(Records excerpted from a collection)
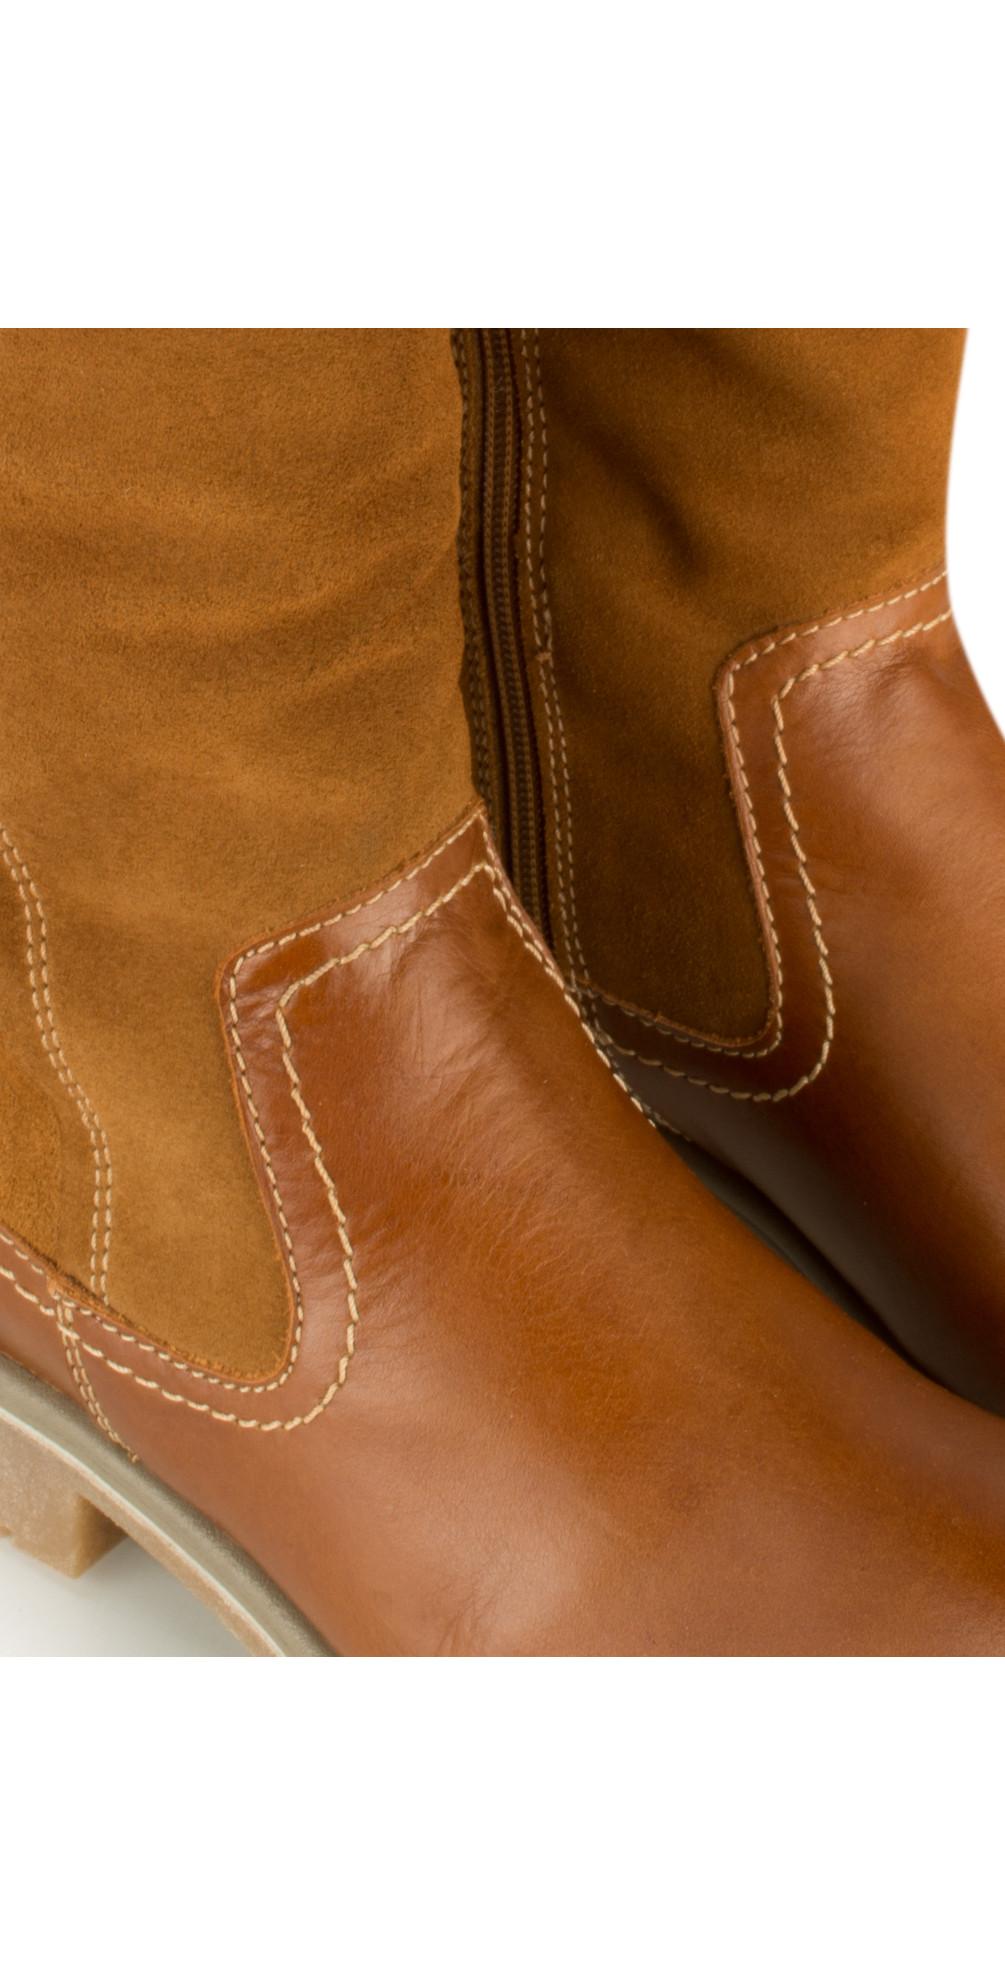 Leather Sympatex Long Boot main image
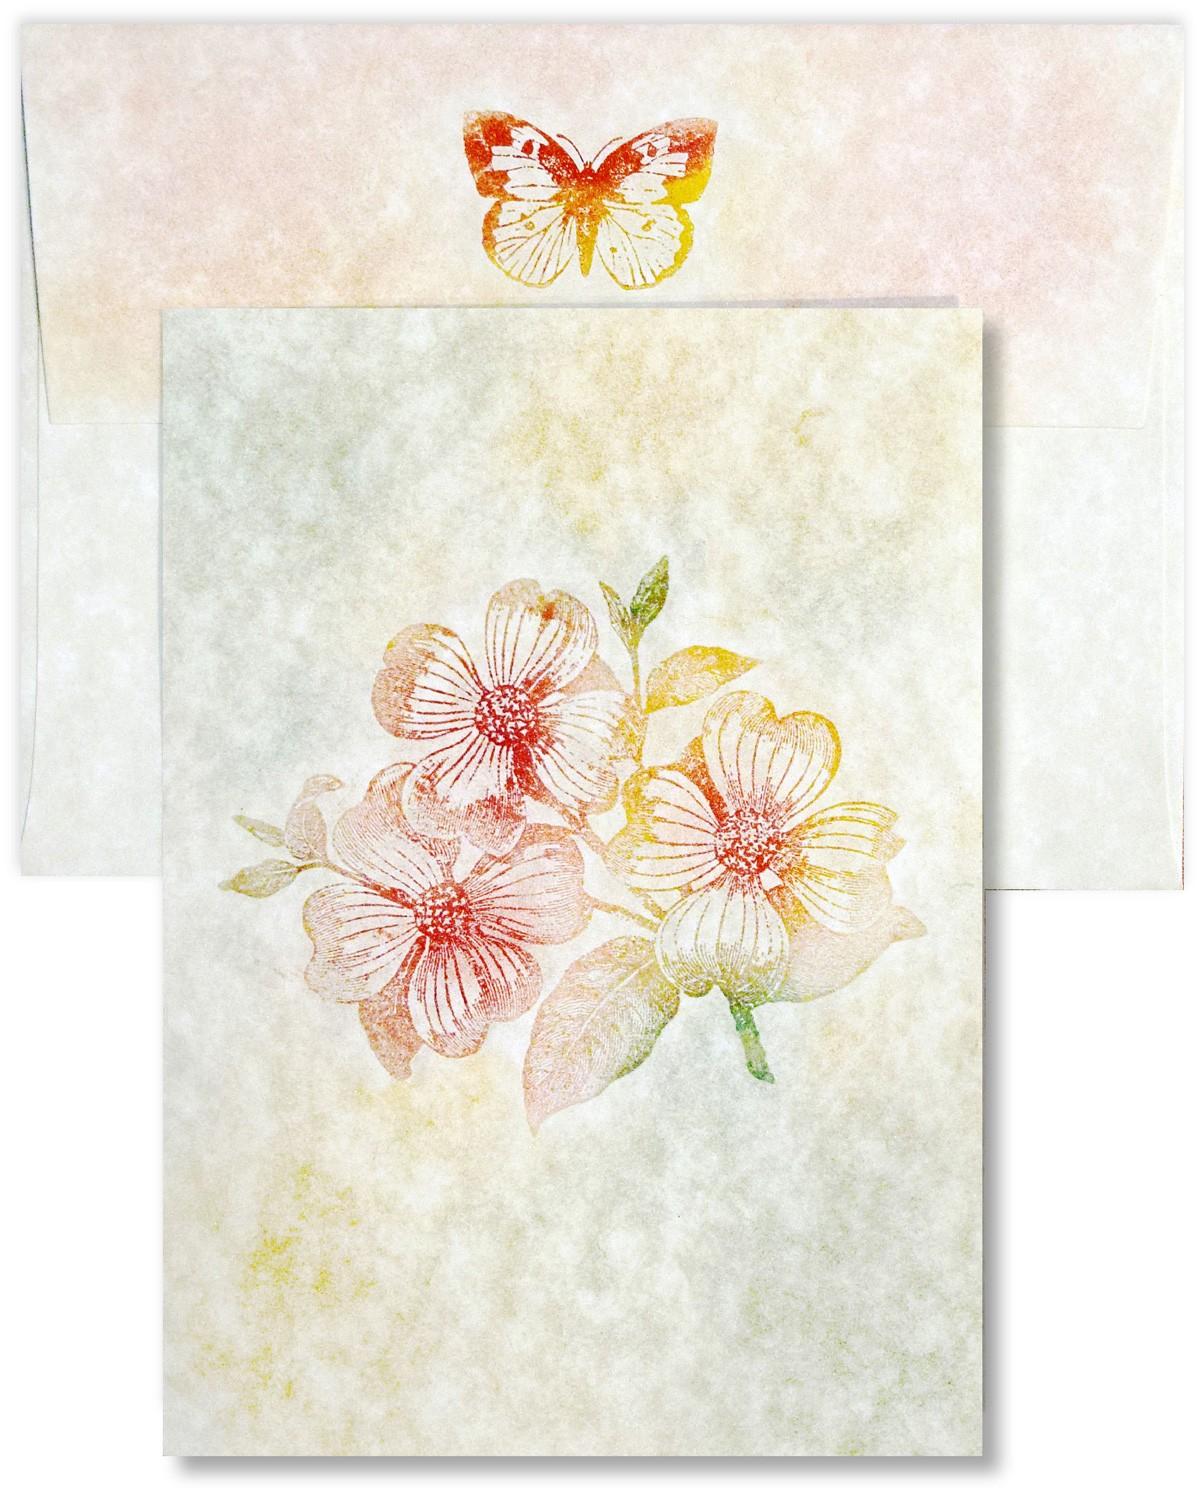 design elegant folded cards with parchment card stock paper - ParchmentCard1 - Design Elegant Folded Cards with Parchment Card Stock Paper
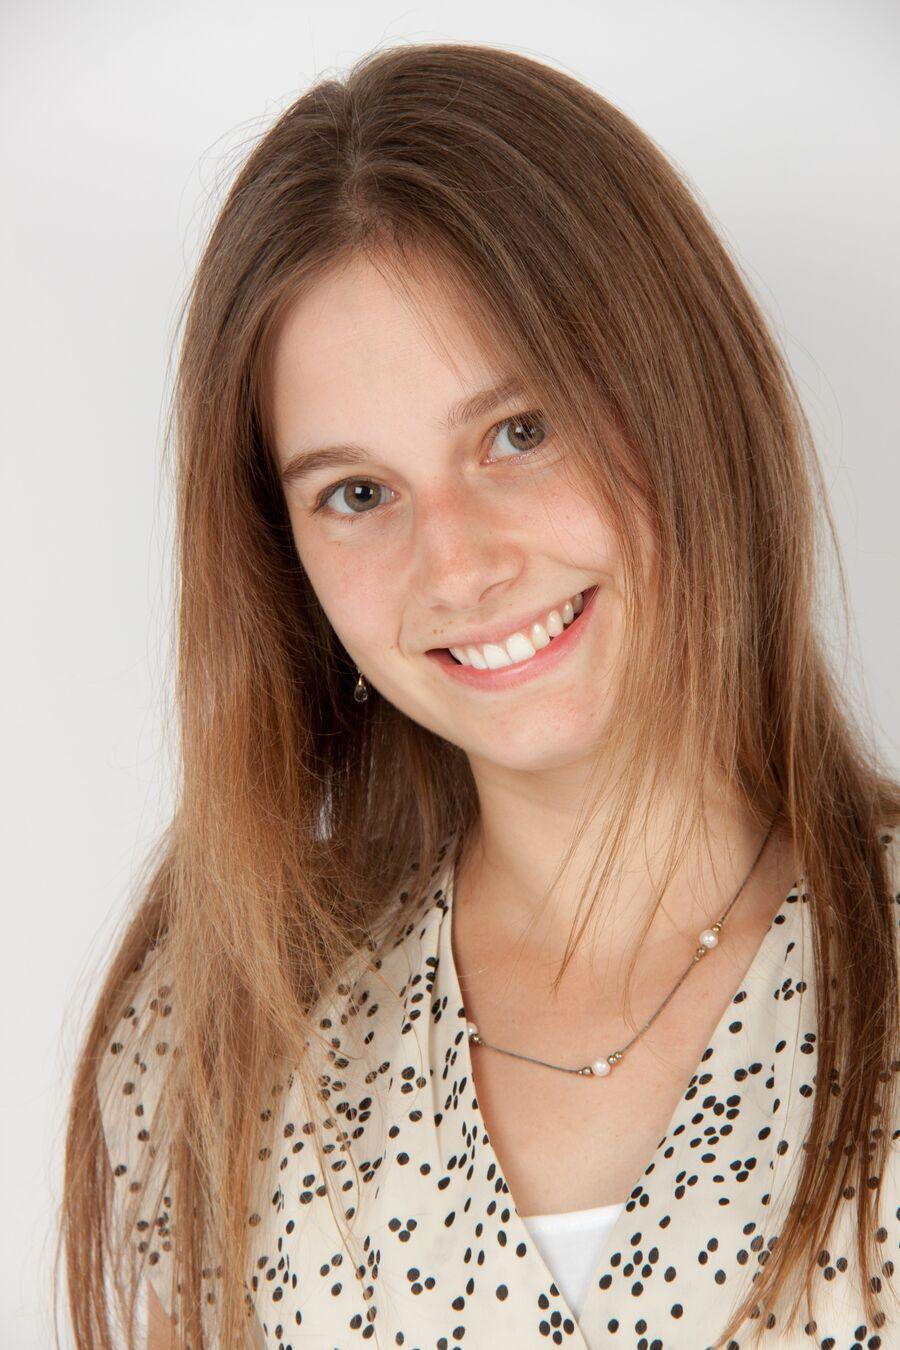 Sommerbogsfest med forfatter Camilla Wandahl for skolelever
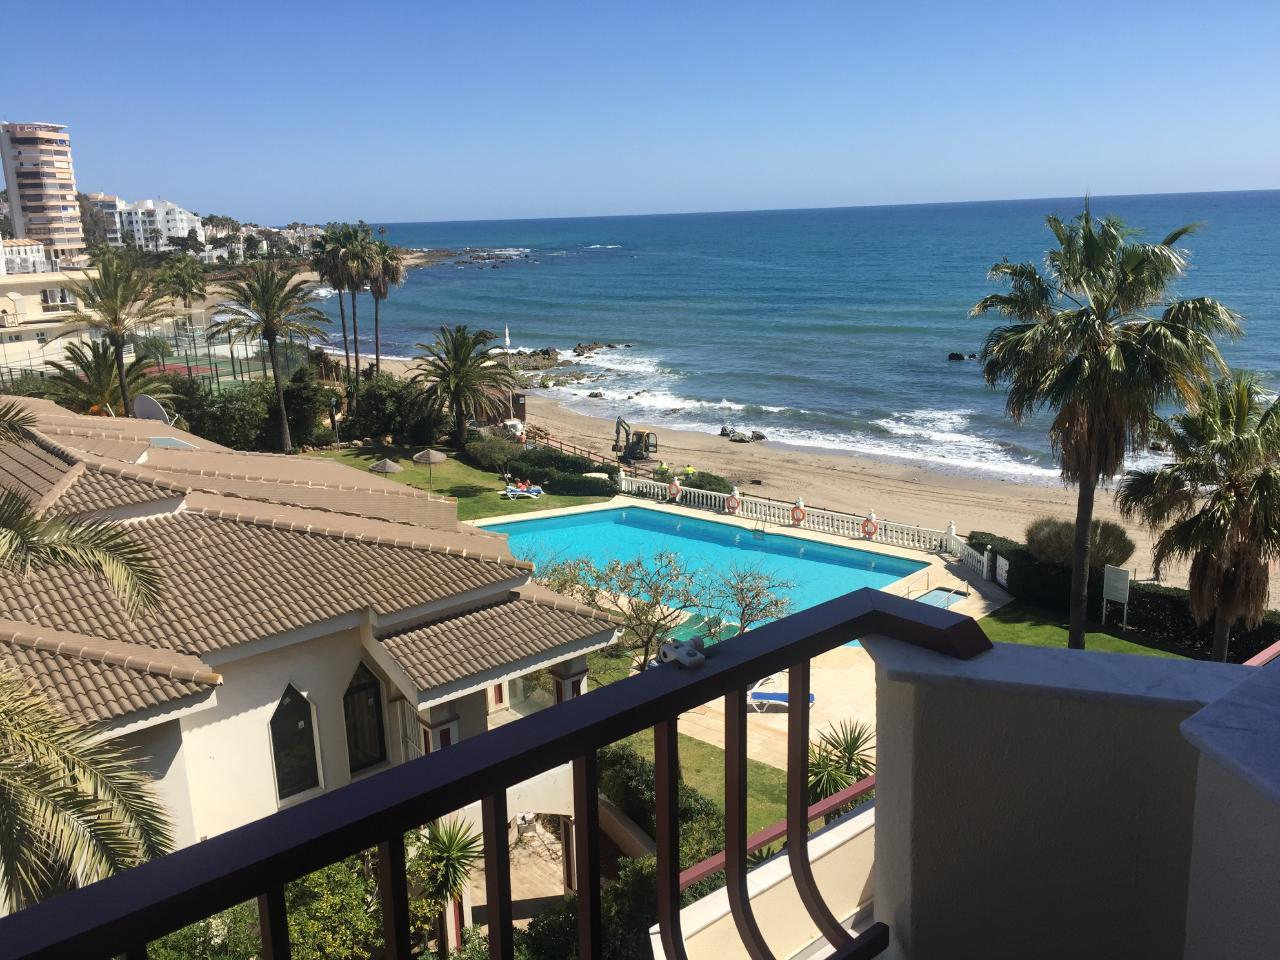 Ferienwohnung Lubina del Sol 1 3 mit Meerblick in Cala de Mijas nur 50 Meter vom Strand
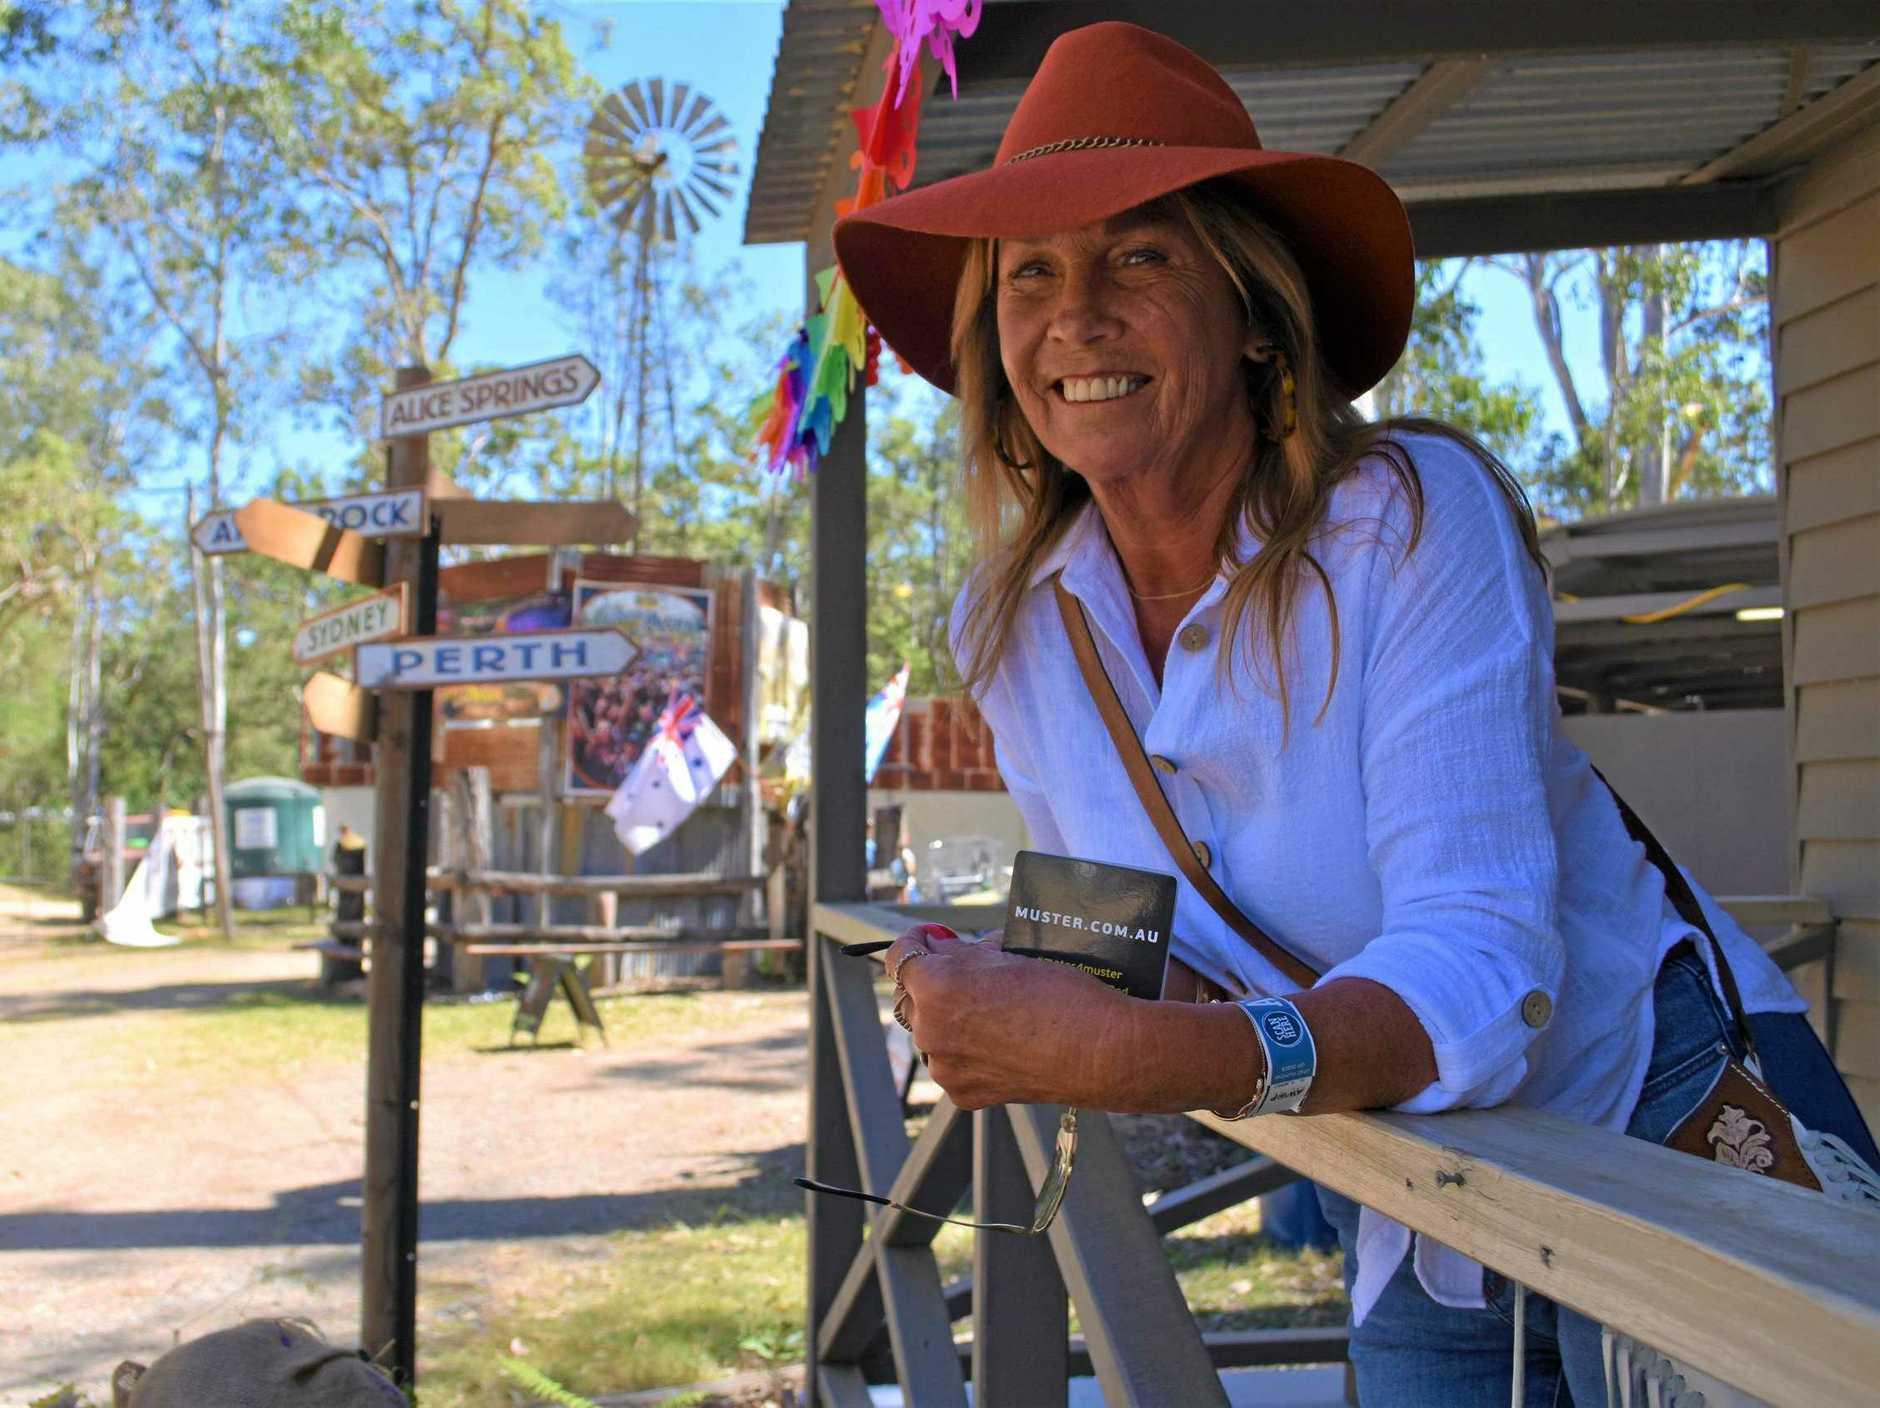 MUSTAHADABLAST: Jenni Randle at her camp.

**Action item:**
Copy the data above line for line, skipping every picture.

**Your response:**
 Leather Sympatex Long Boot main image
 design elegant folded cards with parchment card stock paper - ParchmentCard1 - Design Elegant Folded Cards with Parchment Card Stock Paper
 Sommerbogsfest med forfatter Camilla Wandahl for skolelever
 Ferienwohnung Lubina del Sol 1 3 mit Meerblick in Cala de Mijas nur 50 Meter vom Strand
 MUSTAHADABLAST: Jenni Randle at her camp.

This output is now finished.